Neighbors fear BU’s Infectious Disease Lab is ‘Gambling with our Safety

Researchers at a controversial Boston University lab are experimenting with Ebola in the heart of the city and neighbors are sounding the alarm about the threat of a potentially life-threatening slip up.

The first project in Boston University’s National Emerging Infectious Diseases Laboratories will examine how the Ebola virus damages cells in the liver and why it triggers such a powerful inflammatory response, according to NEIDL microbiologist Elke Muhlberger.

Researchers are also experimenting with the Marburg virus, which, like Ebola, can cause convulsions and bleeding of mucous membranes, skin and organs, according to the Centers for Disease Control and Prevention.

“These people are gambling with our safety and we don’t have a say,” said James Allen Fox, president of the Union Park neighborhood association and a criminologist at Northeastern University. Fox, 66, lives just a few blocks away from the lab and said he toured the facility on Albany Street in the South End.

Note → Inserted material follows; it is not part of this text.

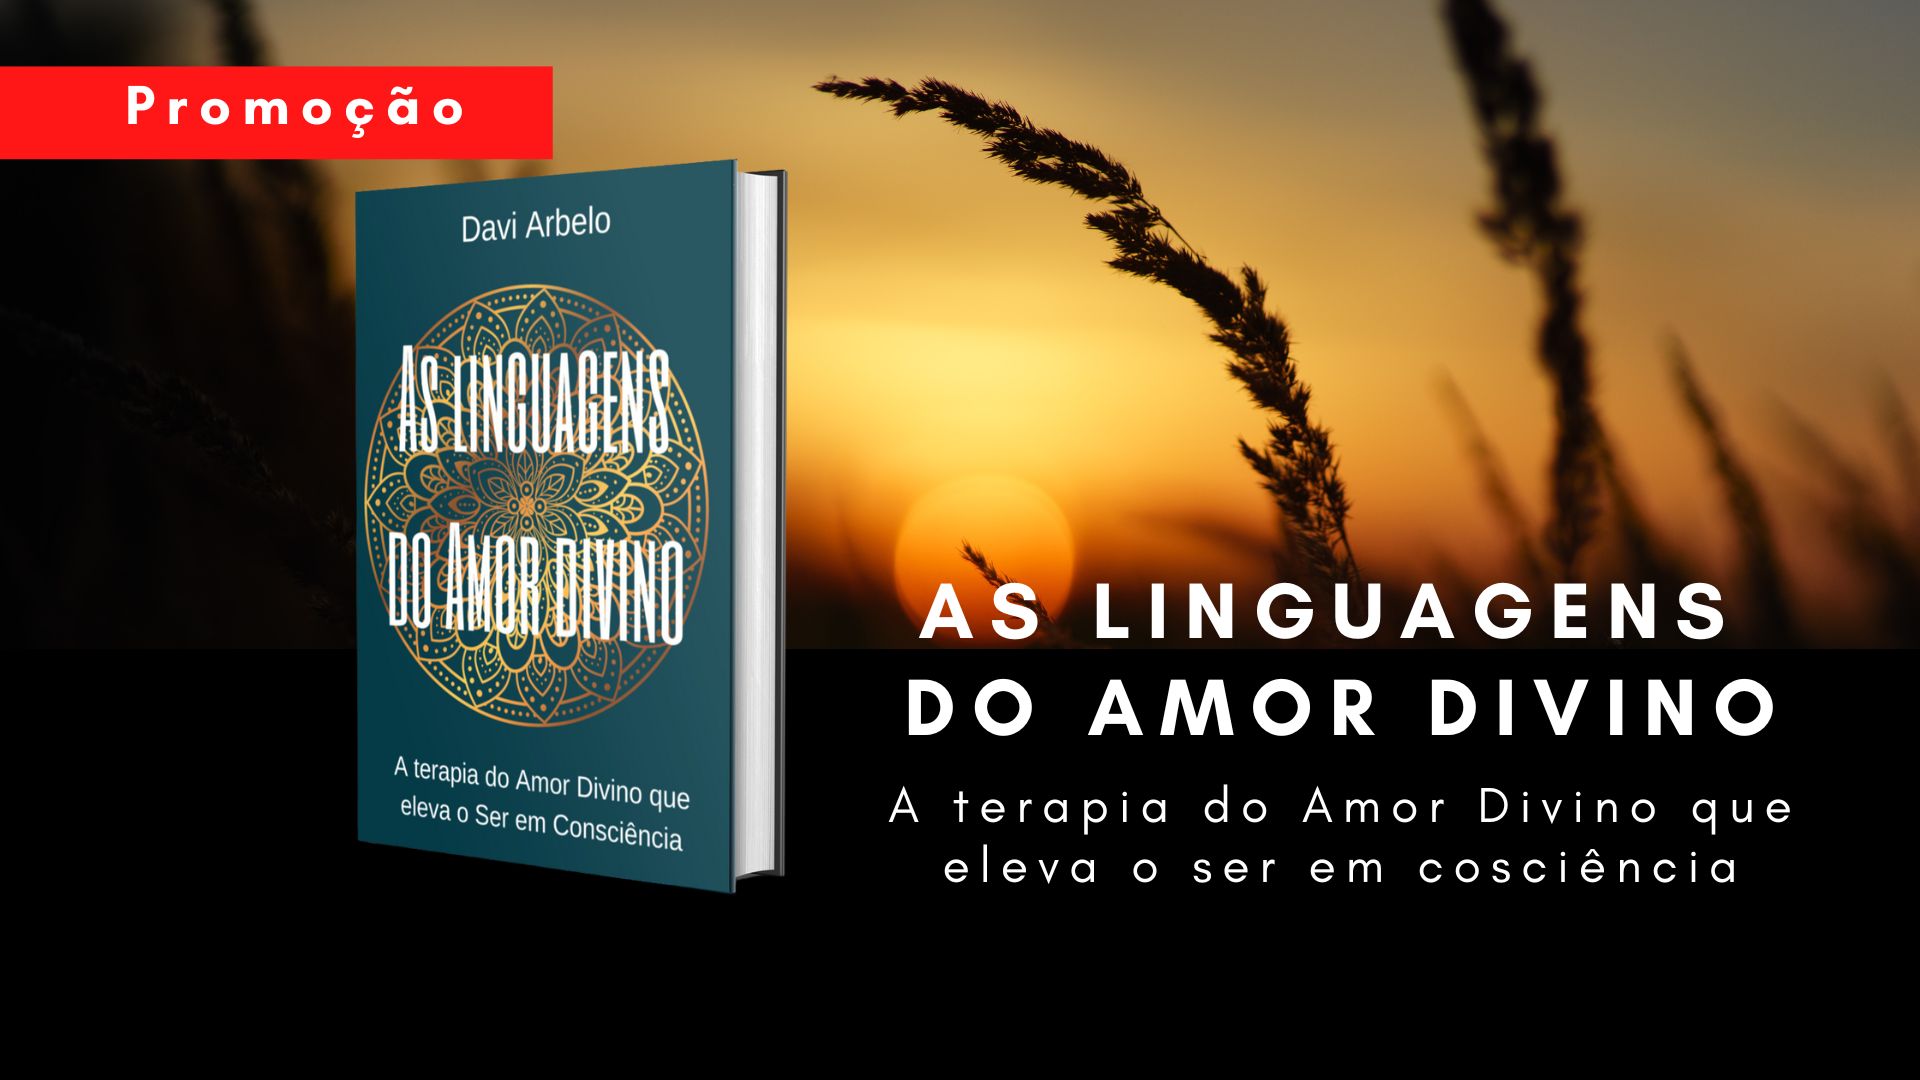 Imagem - Portifólio, as linguagens do Amor Divino

“The design is quite elaborate but there’s always individuals who may — whether it’s because of carelessness or various reasons — compromise safety,” Fox said.

Longtime neighborhood activist Mel King said, “We’ve been opposed to the development of that lab from the beginning. Having that hazardous place in the middle of the city is a huge mistake.”

King, 89, lives a short walk away and said his neighbors, many of them elderly, share his concerns and opposition to the lab.